■ The task: Output the data in full. Keep every word exact and exclude the pictures.
[Information shown Boundary: Start]
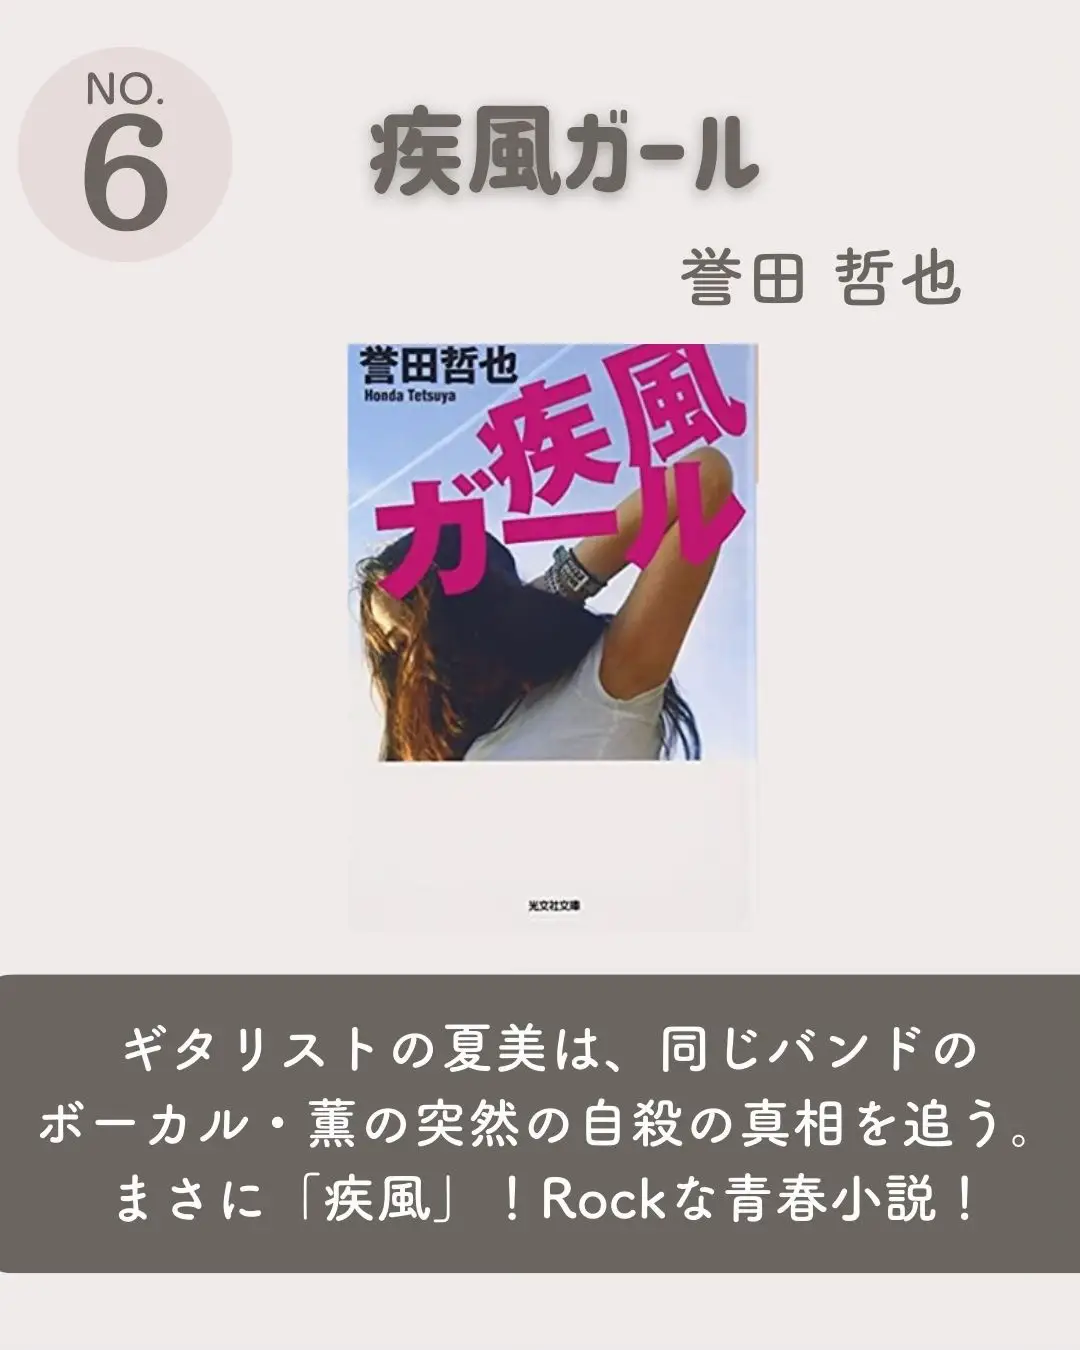 Book Publicity - Lemon8検索
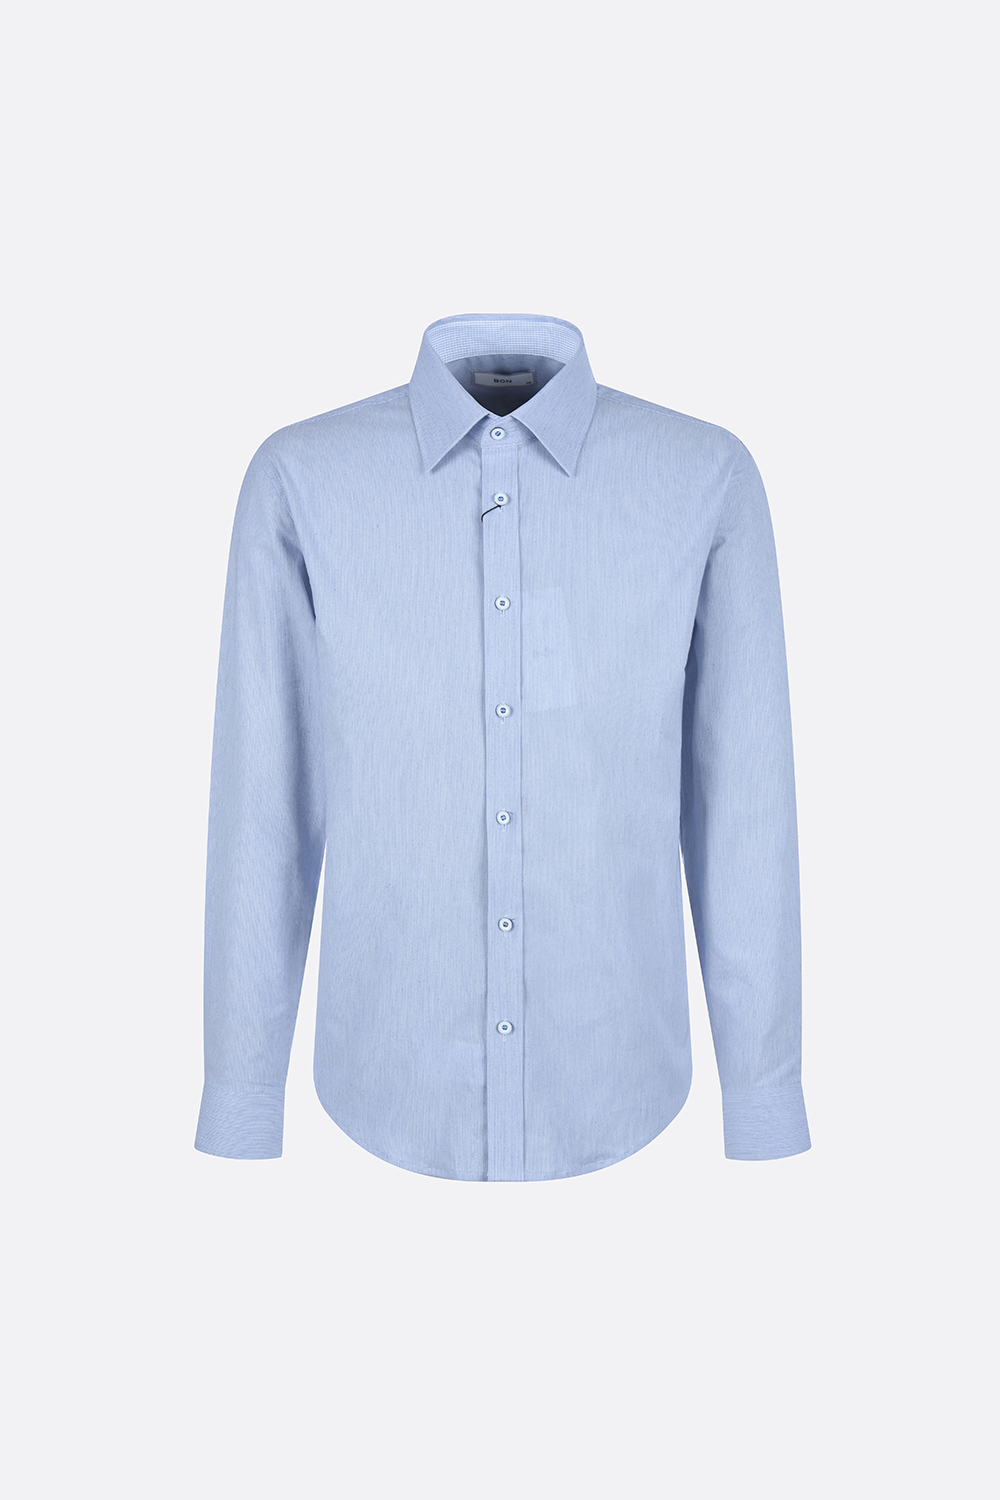 [공식스토어] 본 멜란지 면 스판 세미 드레스 셔츠 블루 BN2SBA357BL
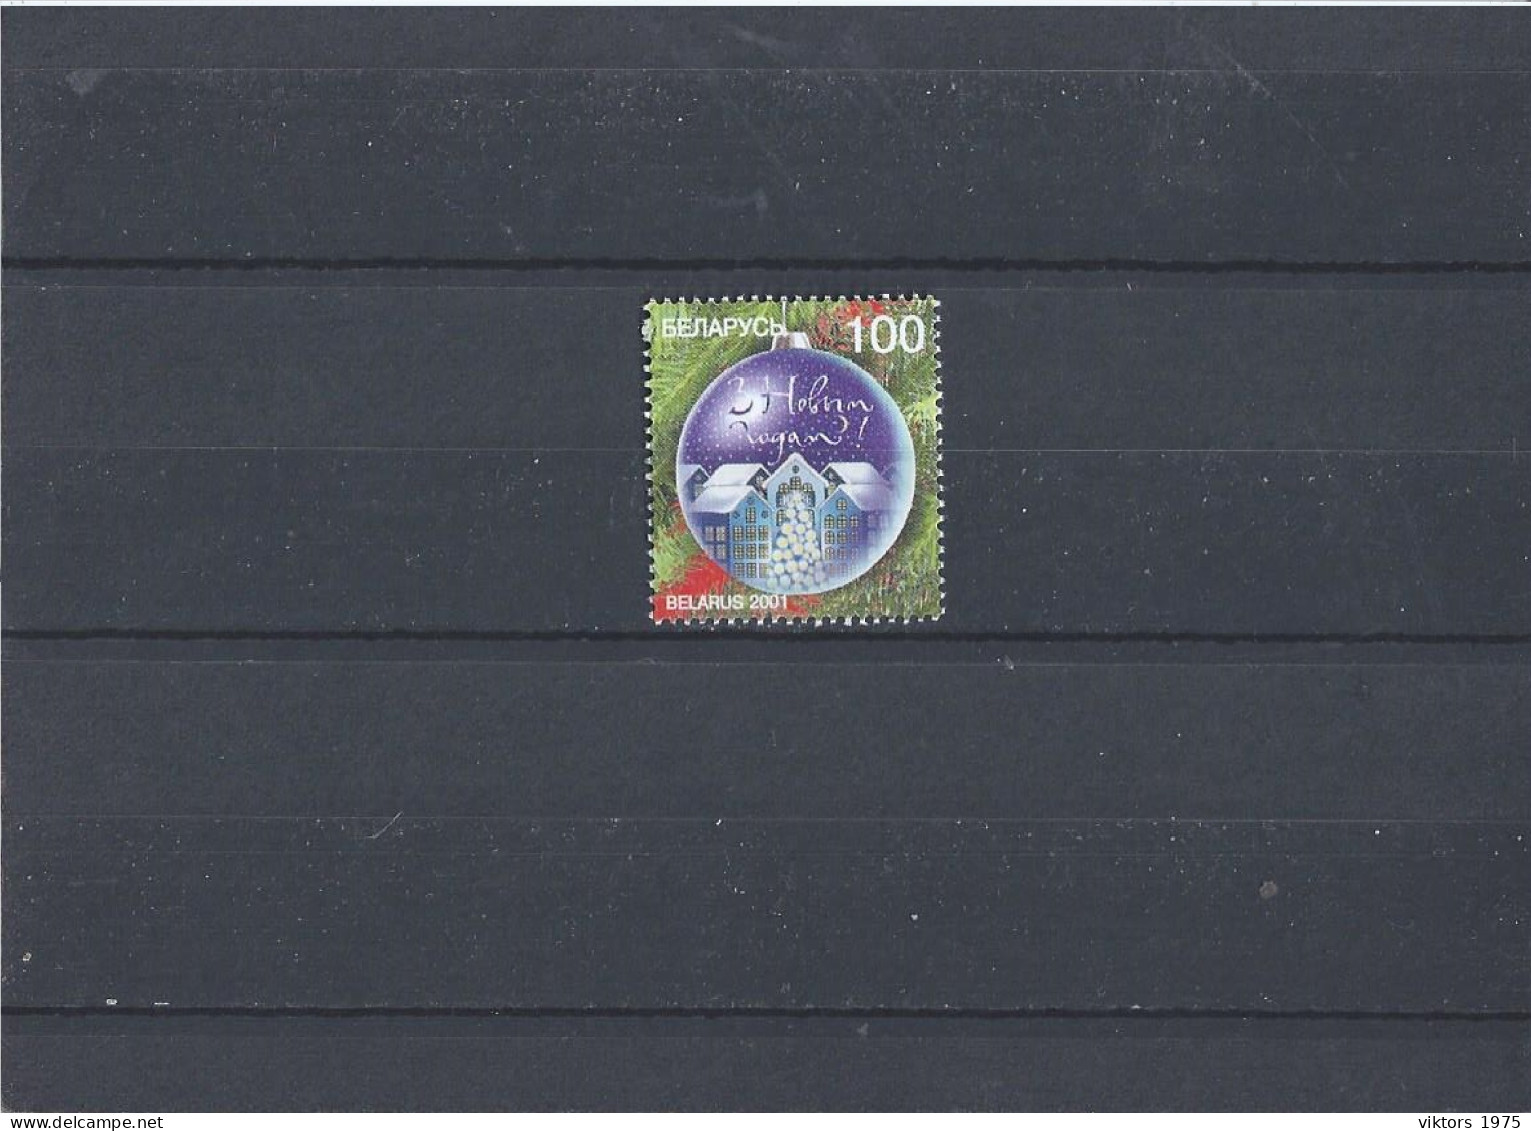 MNH Stamp Nr.436 In MICHEL Catalog - Belarus
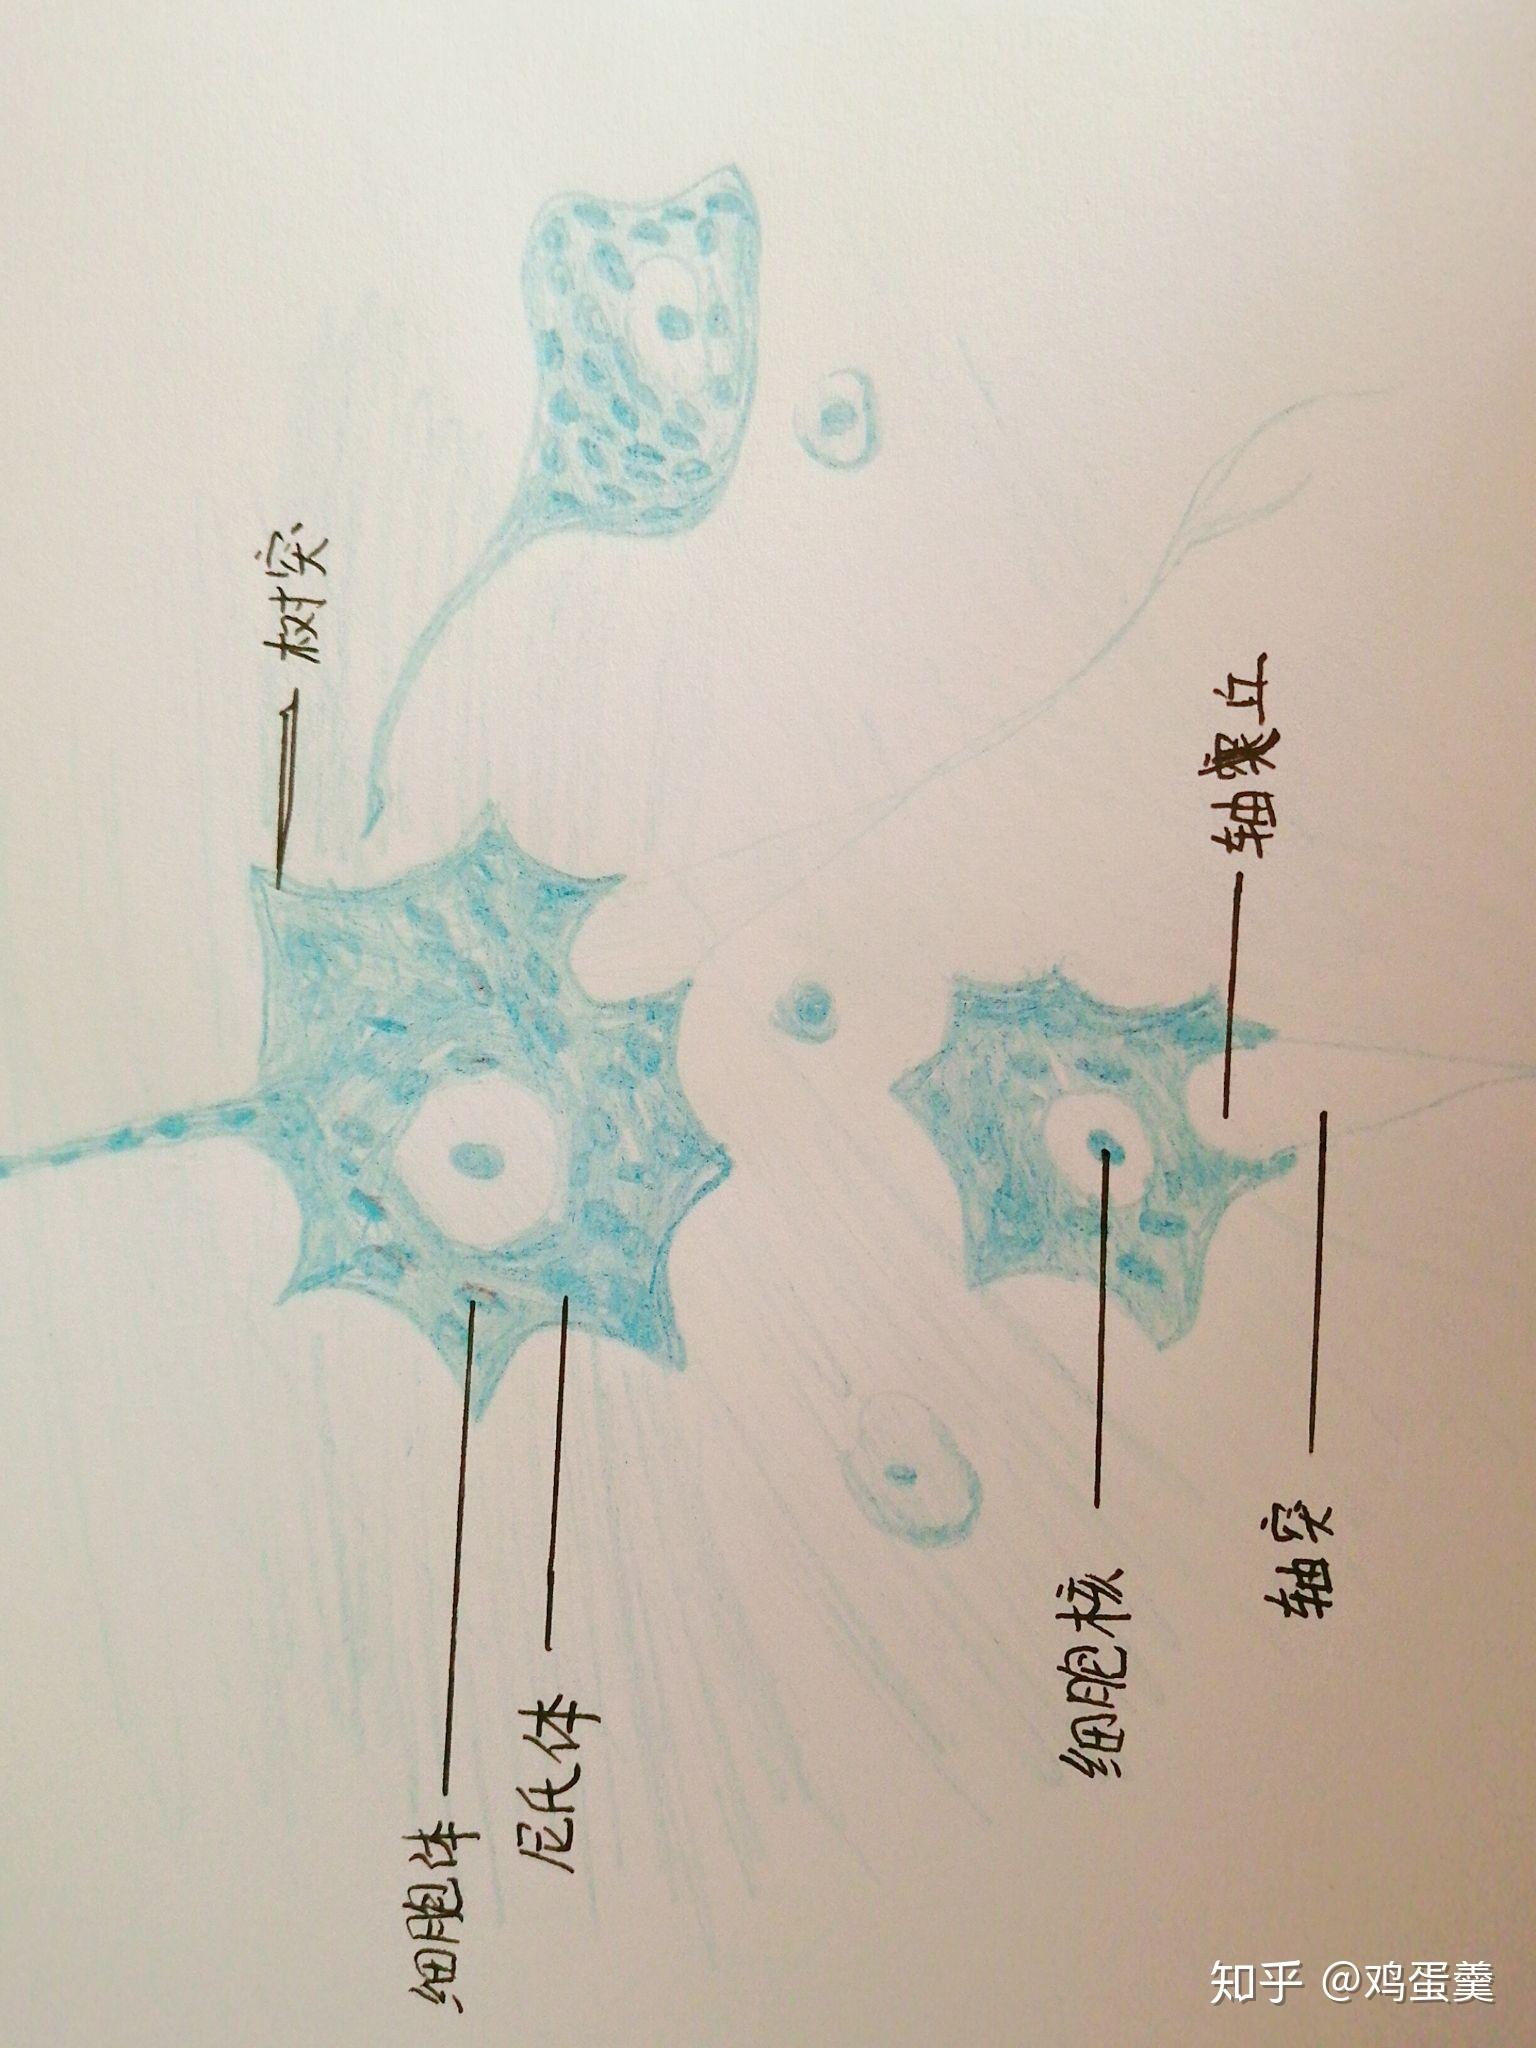 多极神经元细胞手绘图图片
[Information shown Boundary: End]
■ Exercise response:
 Book Publicity - Lemon8検索
 [공식스토어] 본 멜란지 면 스판 세미 드레스 셔츠 블루 BN2SBA357BL
 MNH Stamp Nr.436 In MICHEL Catalog - Belarus
 多极神经元细胞手绘图图片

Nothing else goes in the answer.